Talk to bartenders about what’s going to be big in the next year and one word keeps coming up: tiki. So, on-trend as ever, this week we’re looking at the original tiki cocktail, the Zombie!

Tiki is the name of the first man in Polynesian mythology, but tiki bar culture owes more to California than Hawaii. The two godfathers of tiki were Don the Beachcomber (aka Ernest Raymond Beaumont Gantt) who opened an eponymous bar in Hollywood in 1934, and ‘Trader’ Vic Bergstrom whose Oakland bar in northern California became Trader Vic’s. Their bars offered a blend of Polynesian-ish decor, Caribbean-esque cocktails and, for some reason, Chinese food – I suppose anything ‘exotic’ would do. They both proved immensely popular and grew into chains.

Central to the tiki vibe were cocktails such as the Zombie and the Mai Tai, which combine lavish quantities of rum with tropical ingredients like pineapple, lime juice and grenadine. Both Don and Vic claimed to have invented the Mai Tai (the word means ‘good’ in Tahitian), whereas Don is credited as the sole creator of the Zombie.

Don and Vic inspired legions of imitators perhaps because the tiki look is cheap to copy. You just need some tribal masks, bamboo, and grass matts, oh and plenty of rum. Tiki spread across the world in the ‘50s and ‘60s. There can be few cities that didn’t have a tiki bar, there were even whole tiki hotels, and it was common for swinging suburban Americans to have a tiki bar in their basement or garage.

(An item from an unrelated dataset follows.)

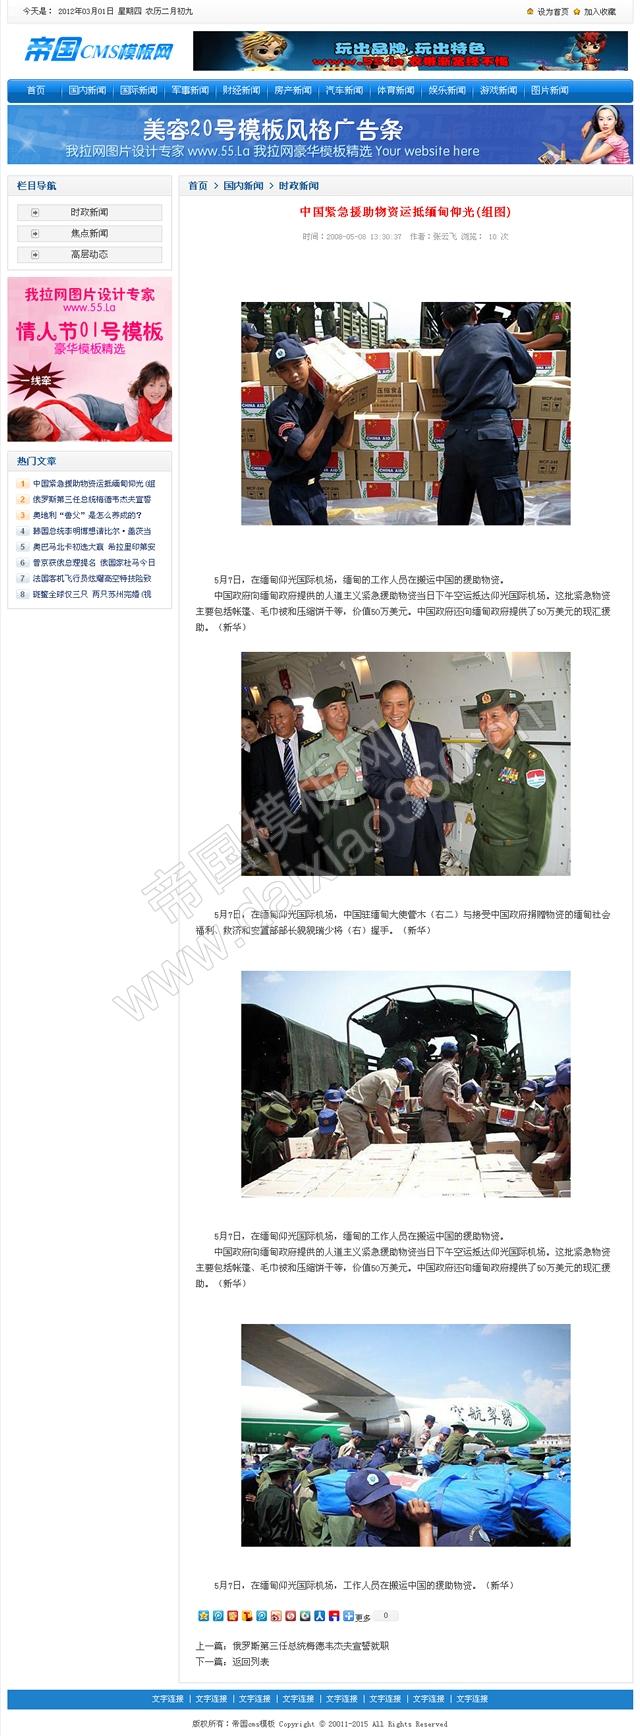 帝国cms新闻资讯文章蓝色大气网站程序模板_内容页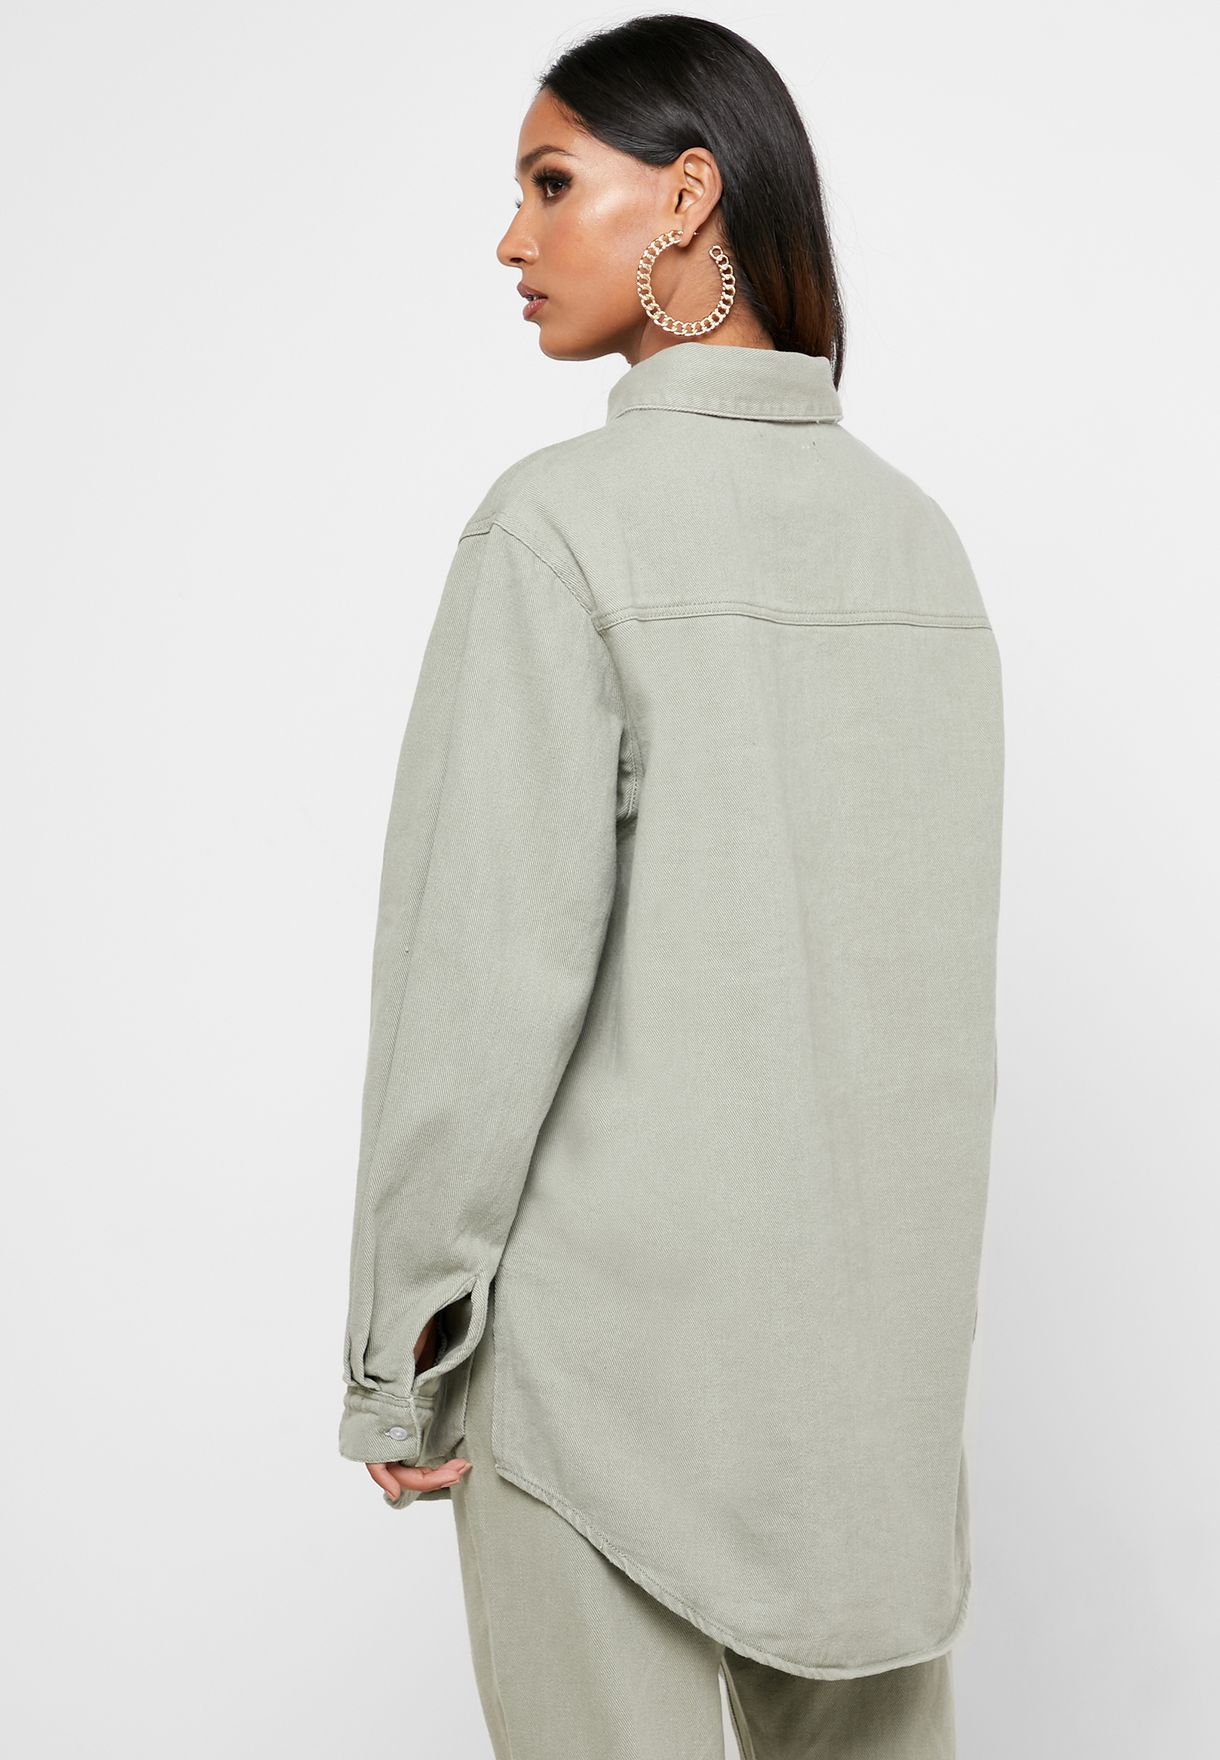 Oversized Denim Shirt-Co Ord

The ZombieTrader Vic’s remains top to toe Tiki to this day
The tiki boom slowed in the ‘70s and ‘80s: the last Don the Beachcomber closed in the 80s; Trader Vic’s is still going, mainly in the Middle East, but the Beverly Hills venue closed in 2017. Tiki cocktails, once so fresh, began to be seen as clichéd, especially as most were made with inferior ingredients like concentrated fruit juice, luridly-coloured syrups and cheap rum. I think with a shudder at the tiki-style cocktails my friends and I would knock-back on holiday in the ‘90s. Made properly, however, they can be noble drinks.

But before we get mixing, you have to create the right mood. You don’t need to build a tiki bar in your basement, but it is worth donning a Hawaiian shirt and putting ‘The Exotic Moods of Les Baxter’ on the hi-fi. Ready? Let’s make a Zombie! This is a real kitchen sink of a drink; it’s got a little bit of everything including up to four different types of rum: white, overproof, navy and aged rum. This seems a little excessive. You can get by with just a white rum and, the vital ingredient, a good aged rum. If you’re feeling really frisky, then don’t omit the overproof rum. But there’s no point mucking about with fancy spirits if your non-alcoholic ingredients are going to let you down so make sure that the grenadine* and pineapple juice are top quality.

The Mai Tai works on a similar principle of using enormous amounts of rum but it’s a bit more subtle: no grenadine or apricot brandy. The only juice is lime, then add triple sec, orgeat syrup (flavoured with almonds) and/or falernum (a syrup flavoured with limes, almonds, nutmeg and cloves).

The ZombieThe Zombie cocktail. Photo taken from the Home Bar by Henry Jeffreys (Jacqui Small publishers)
Right, here’s my recipe for the ultimate Zombie:

30ml De Kuyper Apricot Brandy
30ml Havana Club Anejo 3 Year Old
30ml Mount Gay Black Barrel
30ml lime juice
Two dashes of Angostura Bitters
Fresh pineapple juice (orange and/ or grapefruit work well too)
Tablespoon of grenadine
J Wray and Nephew White Overproof Rum (optional)

Shake the first five ingredients with ice, strain into highball glass (or special tiki cup) filled with ice cubes, top up with pineapple juice and stir. Then float the overproof rum on the top and drizzle with grenadine so that it sinks into the drink, making a pretty red haze. Garnish with a wedge of pineapple. Warning: there is a lot of booze in here.

* It’s easy to make your own grenadine. Pour pomegranate juice (make sure it is juice, not a pomegranate-flavoured drink) into a saucepan and gently heat, don’t boil. Keeping it on a low heat, add three parts sugar to two parts juice and stir until dissolved. Pour into a sterilised jar and it should last in the fridge for months.